Naag Devi
India 2002
Directed by Balaji Shah.

A Telugu version of Rajkumar Kohli's 1976 film Nagin, from 2002. You might think the film would benefit from the advances in film production in the 26 years that separate the two films, but instead it achieves a quality in both story and special effect dramatically worse than its inspiration.

Sometimes the makers of a new version of an old tale know the old one so well that the stages in the story become ritual, and the rational of moving from one place to the next is lost. So in this story, concerning a female snake goddess taking revenge on a group of men for the accidental killing of her mate, there is a moment after one of the men shoots the snake, that they suddenly decide they must bury the dead snake quickly or they will be doomed. They look for the snake, can't find it, and leave. What they forget to mention in this version is that the snake is supposed to have the image of its killers imprinted on its eye at the time of its death. And sure enough, with his lover finds his body, she gets convenient Polaroid snaps of each of the men, framed by his retina. Only viewers familiar with the original story would understand this, the point not being explained here. There are several moments like this. NAAG DEVI goes through the motions, but forgets to create character.

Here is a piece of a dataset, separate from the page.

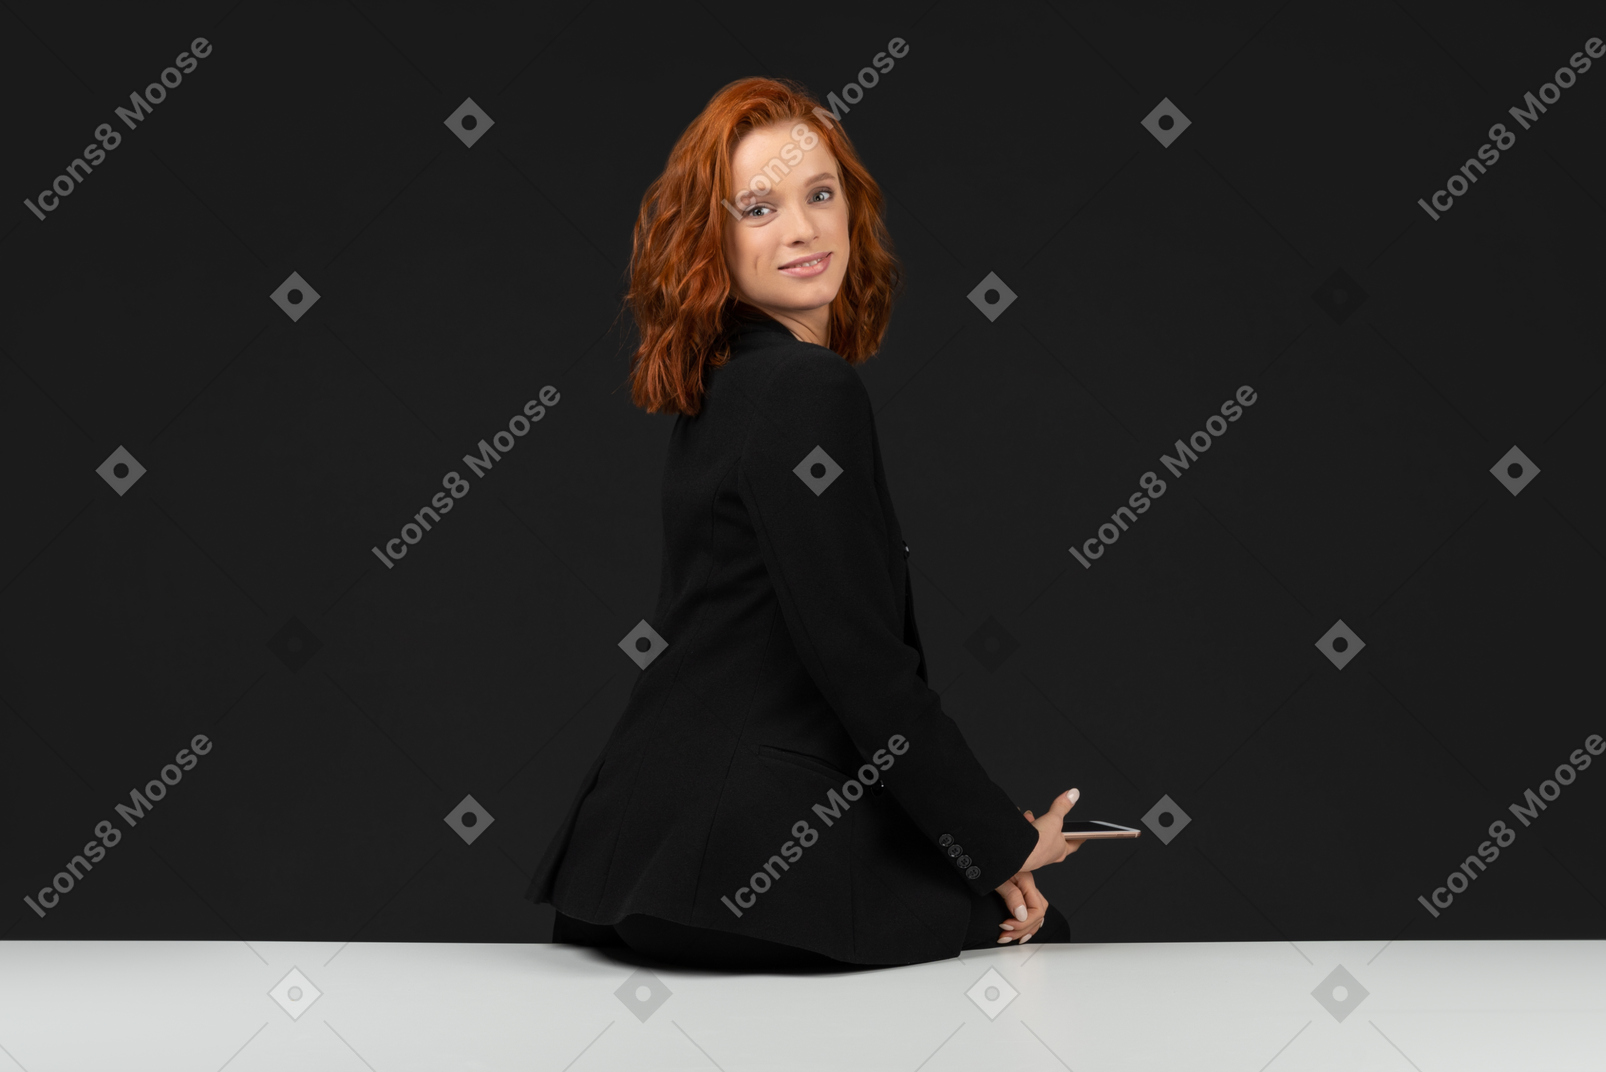 A side view of the young red haired girl holding the phone and looking at the camera
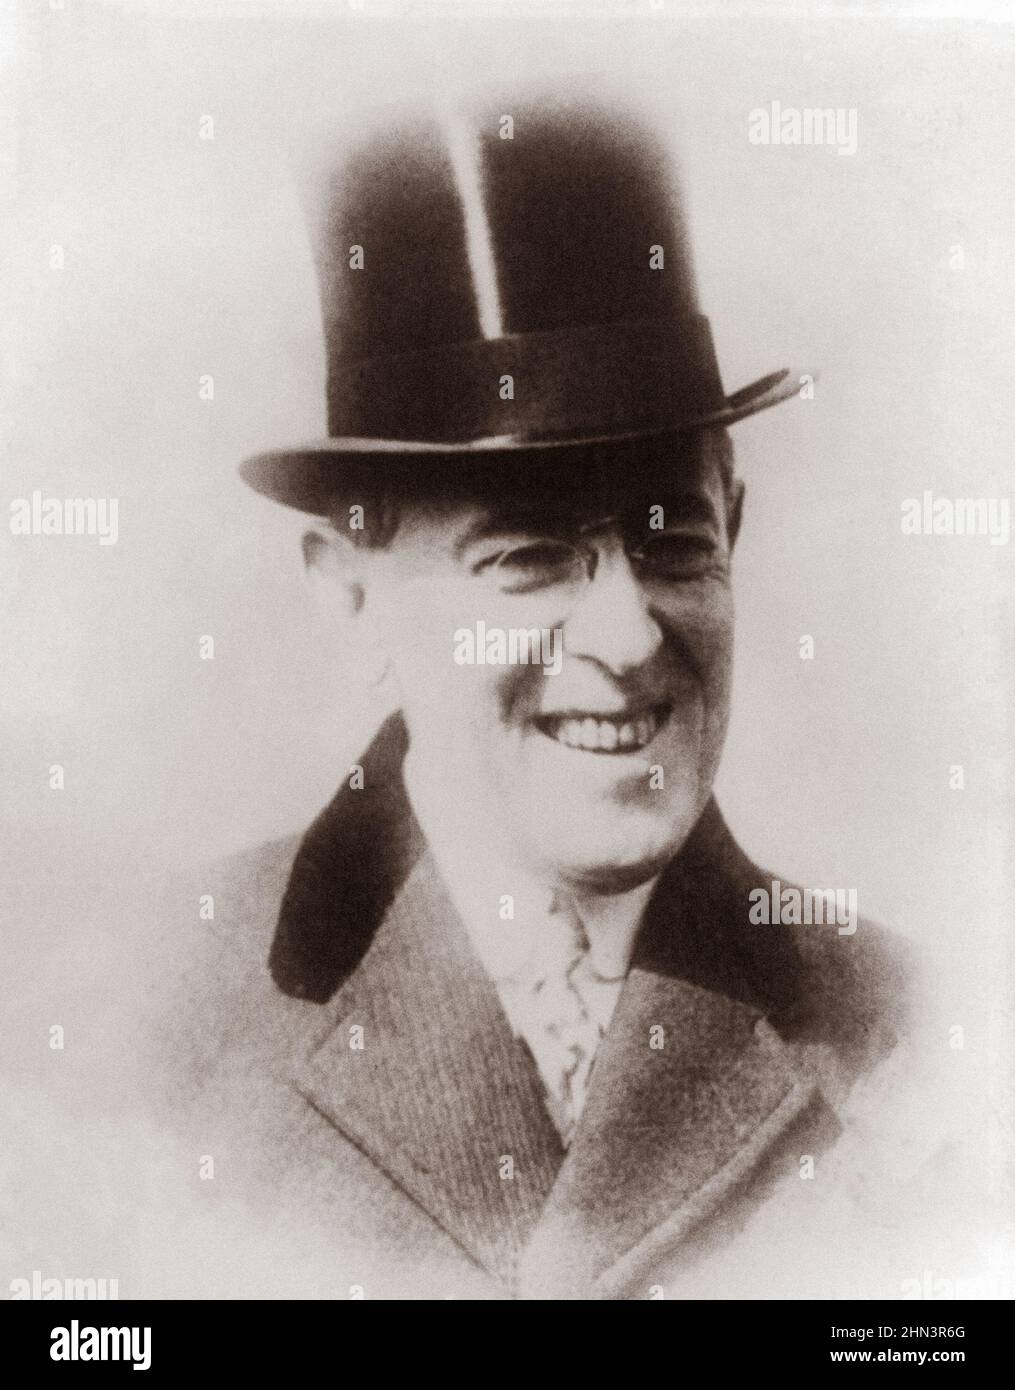 Portrait of President Woodrow Wilson. 1912 Thomas Woodrow Wilson (1856 – 1924) was an American politician and academic who served as the 28th presiden Stock Photo

The snake goddess, or Naag Devi (Sudha) is a bit heftier than you might expect, as is her unattractive, hairy chested mate, and when they do their snake-mating dance, it is frankly rather clumsy and unpleasant to behold. Sudha acts mostly out of her nostrils, which are constantly flared, eyeballs open so wide they may pop out of her head at any moment. This means, I gathered, "I'm vengeful."

The music is not memorable, and in some cases, just plain bad. There is one butt-slapping disco number early on that was sort of fun, but not very. The choreography is dire. The lyrics are subtitled, a relative rarity on Indian DVDs.

In the last fourty-five minutes, NAAG DEVI diverges at last from the plot line of Nagin, and becomes a full fledged devotional picture. Telugu cinema is very serious about its god and goddess worship, and this movie is no exception. The wife of the remaining surviving man (the only passibly charismatic one of the bunch, Charan Raj), increases her devotions. She talks to a mystic who tells her she must get 22 married women to pray for her for 22 days. But the snake ruins it. The statue of the goddess Parvati, consort of Siva, then gives her a different prayer recipe: 5 days, offering food to married women and getting their blessings. Once again, the snake ruins it. And so on, until Durga, the mother of the universe and an aspect of Parvati, must intervene in the flesh. By getting the gods to tie everything up, though, the remake manages to miss out on the moral of the original, that vengeance is all consuming and ultimately ruinous. Which is what made the original film worth watching: it had a point, NAAG DEVI does not.

Rating: Not Recommended (Not Recommended)

Posted by Peter Nepstad on November 29, 2004.